If you set prob as a named vector, it will return a vector of factors.

rlikert(n = 10, prob = c(A = 10, B = 20, C = 30))
#>  [1] C A A C C B A B C B
#> Levels: A B C

If you set prob as an unnamed vector, it will return a vector of integers.

rlikert(n = 10, prob = c(.1, .2, .4, .2, .1))
#>  [1] 3 2 2 2 3 3 3 1 3 4

Specify labels if prob is not named and you don’t want a vector of integers starting with 1. If the labels are numeric, it will return a vector of numbers. If the labels are characters, it will return a vector of factors.

rlikert(n = 10, prob = c(10, 20, 30, 20, 10), labels = -2:2)
#>  [1]  1  1  0 -1  1 -1  1 -1  0  0
rlikert(n = 10, prob = c(10, 20, 30, 20, 10), labels = LETTERS[1:5])
#>  [1] D B A B A B B E C D
#> Levels: A B C D E

dlikert

dlikert() returns the density function.

d <- dlikert(x = 1:5, c(10, 20, 40, 20, 10))
d
#>   1   2   3   4   5 
#> 0.1 0.2 0.4 0.2 0.1

plikert

plikert() returns the probability function, which is just the cumulative sum of the distribution function.

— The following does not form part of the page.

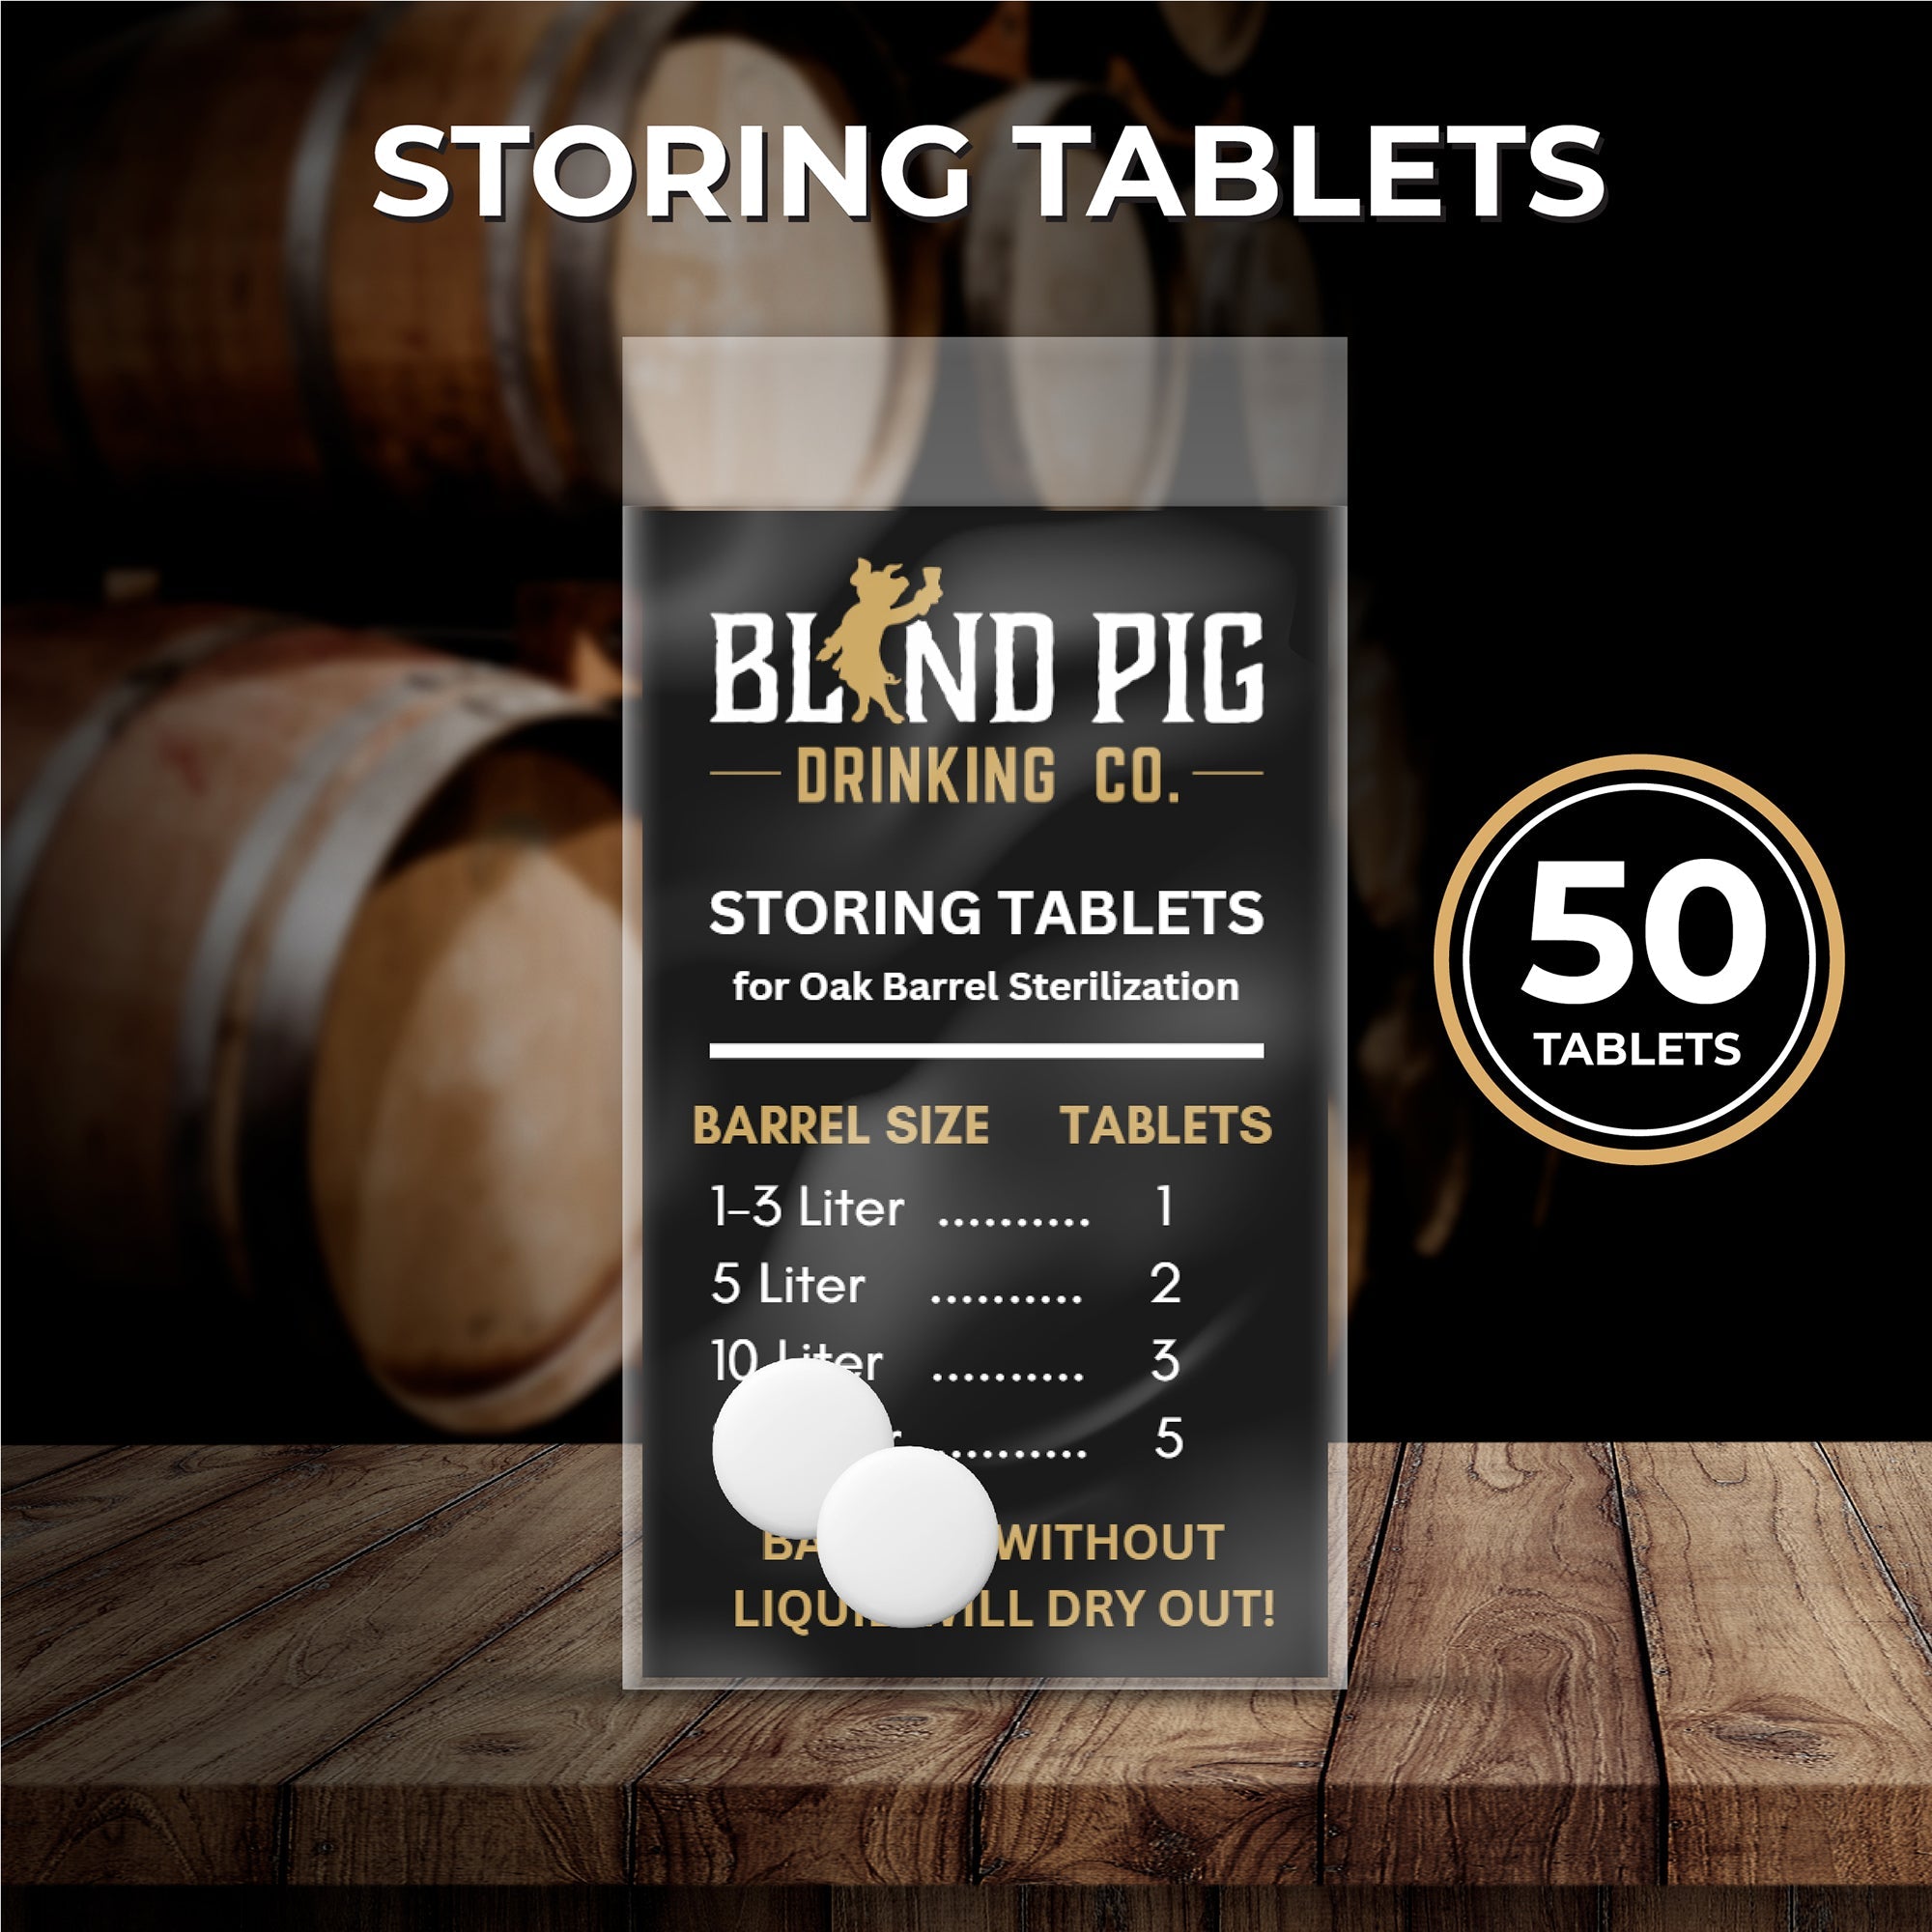 Oak Barrel Storing Tablets for Sterilization and Storage | Blind Pig Drinking Co. - Blind Pig Drinking Co.

p <- plikert(q = 1:5, c(10, 20, 40, 20, 10))
p
#>   1   2   3   4   5 
#> 0.1 0.3 0.7 0.9 1.0
cumsum(d)
#>   1   2   3   4   5 
#> 0.1 0.3 0.7 0.9 1.0

qlikert

qlikert() returns the quantile function, which is the inverse of the probability function.

q <- qlikert(p = p, c(10, 20, 40, 20, 10))
q
#> [1] 1 2 3 4 5

Uniform

Convert between a normal distribution with a mean of 0 and SD of 1 and a uniform distribution ranging from 0 to 10. If you omit the min and max values for unif2norm(), it will set them slightly outside the min and max of the data.

mu = 0
sd = 1
min = 0
max = 100

x_n <- rnorm(1e3, mu, sd)
y_u <- norm2unif(x_n, min, max)

x_u <- y_u # runif(1e3, min, max)
y_n <- unif2norm(x_u, mu, sd)
#> min was not set, so guessed as 0.222031404126086
#> max was not set, so guessed as 99.8986908577763

By default, the function will try to guess the relevant parameters of the input distribution, but you can also specify them. This is especially useful if you know the actual min and max values, but don’t have enough data for any of the observations to be near them.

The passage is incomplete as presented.